## Requirement
Return precisely the opening lines of the listing below, ending with the line that contains "2 Bedroom Apartment Floor".

---

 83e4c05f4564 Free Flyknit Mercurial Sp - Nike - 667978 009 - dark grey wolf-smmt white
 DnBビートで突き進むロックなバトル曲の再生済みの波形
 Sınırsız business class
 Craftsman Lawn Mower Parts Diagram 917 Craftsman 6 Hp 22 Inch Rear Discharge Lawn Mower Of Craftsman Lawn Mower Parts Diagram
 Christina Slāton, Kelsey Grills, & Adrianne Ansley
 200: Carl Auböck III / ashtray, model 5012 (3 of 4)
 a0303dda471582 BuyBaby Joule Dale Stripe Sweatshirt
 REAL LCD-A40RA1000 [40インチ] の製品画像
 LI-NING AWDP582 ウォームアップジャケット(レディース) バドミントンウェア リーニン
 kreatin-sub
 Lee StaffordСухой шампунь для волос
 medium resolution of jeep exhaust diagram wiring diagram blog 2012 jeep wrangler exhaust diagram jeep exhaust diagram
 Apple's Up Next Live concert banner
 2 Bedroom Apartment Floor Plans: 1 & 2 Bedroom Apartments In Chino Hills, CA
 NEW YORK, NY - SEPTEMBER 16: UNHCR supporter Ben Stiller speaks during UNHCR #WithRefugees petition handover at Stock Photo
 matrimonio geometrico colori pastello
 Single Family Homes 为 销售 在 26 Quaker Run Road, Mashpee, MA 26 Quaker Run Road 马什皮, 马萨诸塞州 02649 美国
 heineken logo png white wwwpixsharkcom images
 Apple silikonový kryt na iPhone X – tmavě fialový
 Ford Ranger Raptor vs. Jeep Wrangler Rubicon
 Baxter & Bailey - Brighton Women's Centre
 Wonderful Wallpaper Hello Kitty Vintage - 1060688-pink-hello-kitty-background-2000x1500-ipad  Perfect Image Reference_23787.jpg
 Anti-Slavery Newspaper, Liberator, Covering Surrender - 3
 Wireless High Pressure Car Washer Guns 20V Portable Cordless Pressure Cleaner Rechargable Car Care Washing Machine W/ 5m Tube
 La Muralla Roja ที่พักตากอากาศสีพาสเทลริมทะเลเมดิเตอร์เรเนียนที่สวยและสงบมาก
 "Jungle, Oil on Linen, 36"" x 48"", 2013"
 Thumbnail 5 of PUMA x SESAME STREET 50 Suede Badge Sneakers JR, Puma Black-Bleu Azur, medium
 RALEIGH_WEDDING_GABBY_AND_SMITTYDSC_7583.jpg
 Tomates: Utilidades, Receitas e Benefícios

---

## Solution to this exercise
 83e4c05f4564 Free Flyknit Mercurial Sp - Nike - 667978 009 - dark grey wolf-smmt white
 DnBビートで突き進むロックなバトル曲の再生済みの波形
 Sınırsız business class
 Craftsman Lawn Mower Parts Diagram 917 Craftsman 6 Hp 22 Inch Rear Discharge Lawn Mower Of Craftsman Lawn Mower Parts Diagram
 Christina Slāton, Kelsey Grills, & Adrianne Ansley
 200: Carl Auböck III / ashtray, model 5012 (3 of 4)
 a0303dda471582 BuyBaby Joule Dale Stripe Sweatshirt
 REAL LCD-A40RA1000 [40インチ] の製品画像
 LI-NING AWDP582 ウォームアップジャケット(レディース) バドミントンウェア リーニン
 kreatin-sub
 Lee StaffordСухой шампунь для волос
 medium resolution of jeep exhaust diagram wiring diagram blog 2012 jeep wrangler exhaust diagram jeep exhaust diagram
 Apple's Up Next Live concert banner
 2 Bedroom Apartment Floor Plans: 1 & 2 Bedroom Apartments In Chino Hills, CA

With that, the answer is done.